Donanmamızın yakıldığı Navarin baskını (20 Ekim 1827)

Londra'da biraraya gelen İngiltere, Fransa ve Rusya üçlüsü 6 Temmuz 1827 tarihinde kendi aralarında bir protokol imzalayarak Bâb-ı Âli'ye hem maddi, hem de mânevî baskı yapmaya karar verdiler. Gerekçeleri uzun yıllardır kışkırtarak Yunanlılara yaptırdıkları ihtilalin Osmanlı Ordusu ile birlikte Kavalalı Mehmet Ali Paşa'nın oğlu İbrahim Paşa tarafından bastırılmış olmasıydı.

Bu ihtilâlin bastırılması Avrupa'da iyi karşılanmamış, ne pahasına olursa olsun Yunanistan'a bağımsızlık kazandırmak için bunun karşılığının verilmesinin gerekliliğine inanan bu üçlü çete fırsat kollamaya başlamışlardı.

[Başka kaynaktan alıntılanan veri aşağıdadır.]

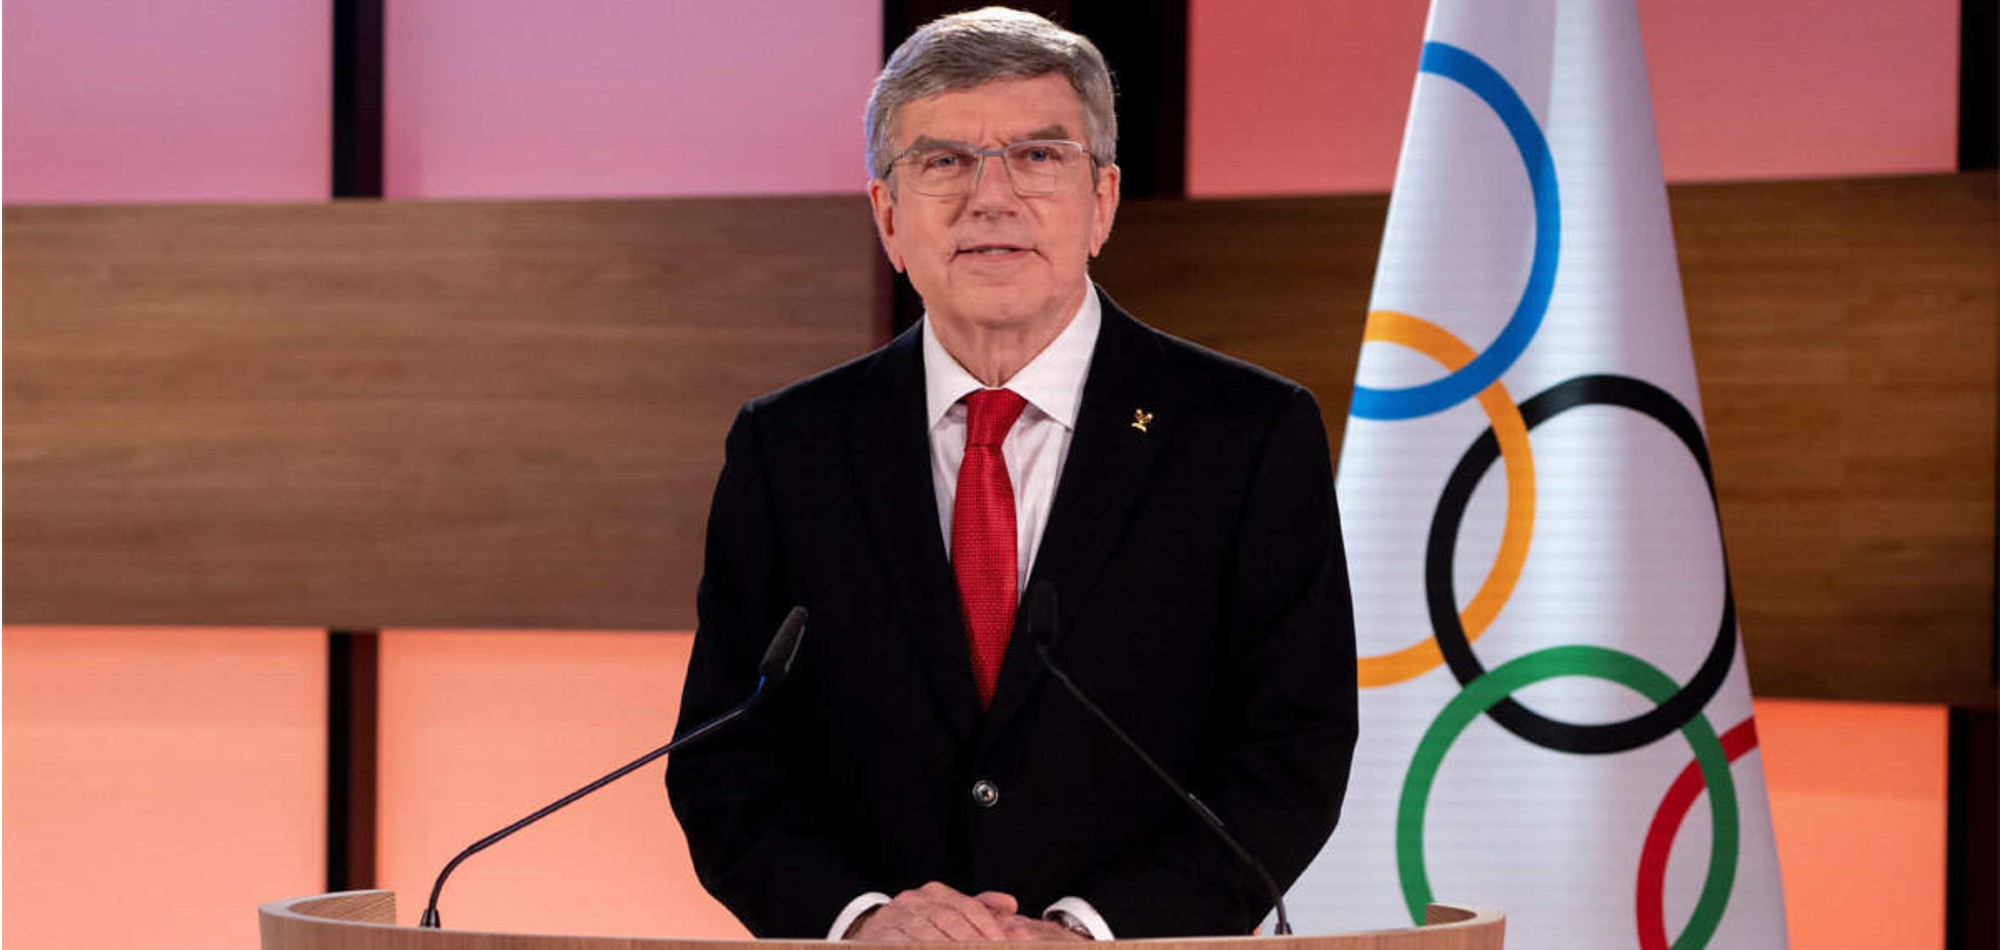 IOC President Bach wins unopposed second term to 2025

Mora Yarımadası, ardından diğer bölgelerde çıkan ayaklanmayı bastırmak için 53 savaş gemisiyle gelen İbrâhim Paşa, Osmanlı Donanması ve askeriyle birlikte isyanı bastırdıktan sonra Kaptan-ı Deryâ Çengeloğlu Tahir Paşa ile anlaşarak birleşen iki donanmayı birlikte Navarin Limanına çekmişlerdi. Burası Mora Yarımadasının güneybatısında büyük kayalıklarla çevrili körfezi andıran, 2 mil uzunluğunda, 4 mil genişliğinde oldukça geniş doğal bir limandı.

Bunu fırsat bilen İngiltere, Fransa ve Rusya'nın çok büyük birleşik donanması Edward Codrington'un komutasında, takvimler 20 Ekim 1927'yi gösterdiğinde âniden Navarin körfezine girdi. Üstelik milletlerarası hukuka aykırı olarak savaş bayrağı da çekmemişlerdi. Bu yüzden Tahir Paşa endişe etmedi, fakat dikkatlice takibe aldı. Gemiler yaklaştıkça biraz endişe ettiyse de sadece mânevi baskı için geldiklerini düşündü.

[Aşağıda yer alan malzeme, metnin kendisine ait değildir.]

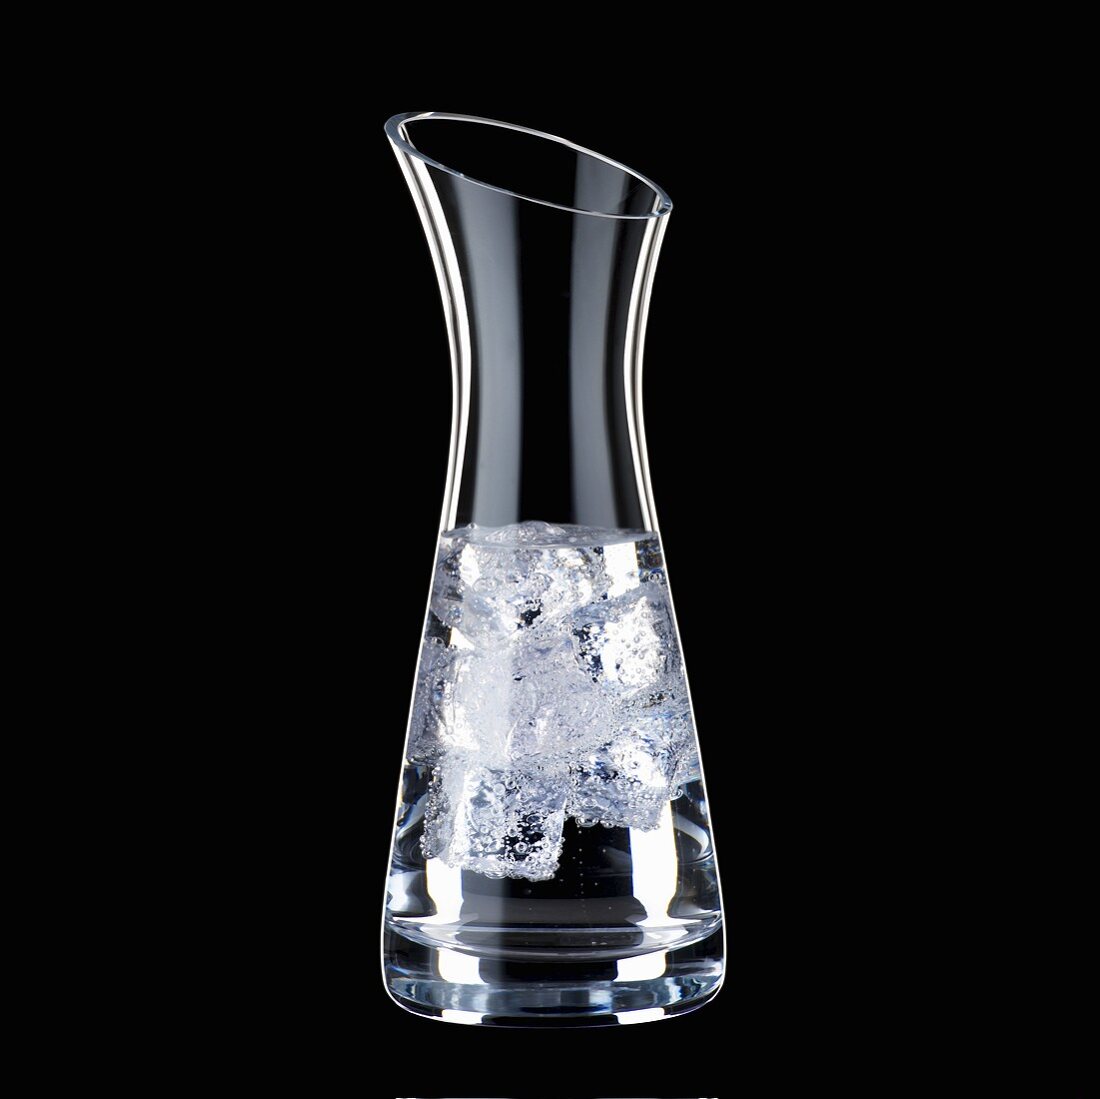 Water with ice cubes in carafe

Fakat düşündüğü gibi olmadı, üç ülkenin donanması bir anda bütün toplarını ateşlediler. Kısa sürede ortalık cehenneme döndü. Bizimkiler gâfil avlanmışlardı. Sayı olarak çok üstün olan düşman gemileri dozajı artırarak ateşe devam ettiler. Navarin Kalesinden ve gemilerimizden karşılık verildiyse de, dört saat sonra geldikleri gibi limandan çekip gittiklerinde 57 gemimiz batmış, sekiz bin civârında askerimiz şehid düşmüştü. Düşman donanmasının 200 asker kaybı yanında 500 de yaralıları vardı.

Olay kısa süre içerisinde bütün Avrupa'da duyulduğunda çok kötü yansımaları oldu. Hatta çoğu gazeteler bu âni ve kalleşçe baskını yüzkarası olarak duyurdular. Bu tepkiyi beklemeyen İngiltere, Fransa ve Rusya amirallerine asla böyle bir emir vermediklerini söyleyerek her zaman olduğu gibi ikiyüzlülük yaptılar.

Akabinde Bâb-ı Âli şiddetle olayı protesto etti. Medine-i Münevvere'den Kırım'a, oradan İstanbul'a göç etmiş Seyyid sülâlesinden olan dönemin Dışişleri Bakanı Pertev Efendi; İngiltere, Fransa ve Rusya Büyükelçilerini çağırarak bunun hesabını sordu ve büyükelçilerden, ülkelerinin derhâl özür dilemesini, bununla birlikte tazminat ödemelerini ve Yunan meseleleri ile ilgili olmadıklarını, kesinlikle ilgilenmediklerini söylemelerini, ayrıca bu konuyla ilgili teminat vermelerini istedi.

Bunun üzerine bu ülkeler kısa bir müddet sonra verdikleri cevapta; özür dilediklerini açıkça beyan ettiler. Ancak ne tazminat konusuna, ne de Yunan meselesinde teminat vermeye yanaşmadılar. Bunun üzerine Bâb-ı Âli, bu ülkelerin büyükelçilerini istenmeyen adam ilân ederek İstanbul'u terketmelerini istedi. Üç büyükelçi de tasını-tarağını toplayarak ülkeyi terketti.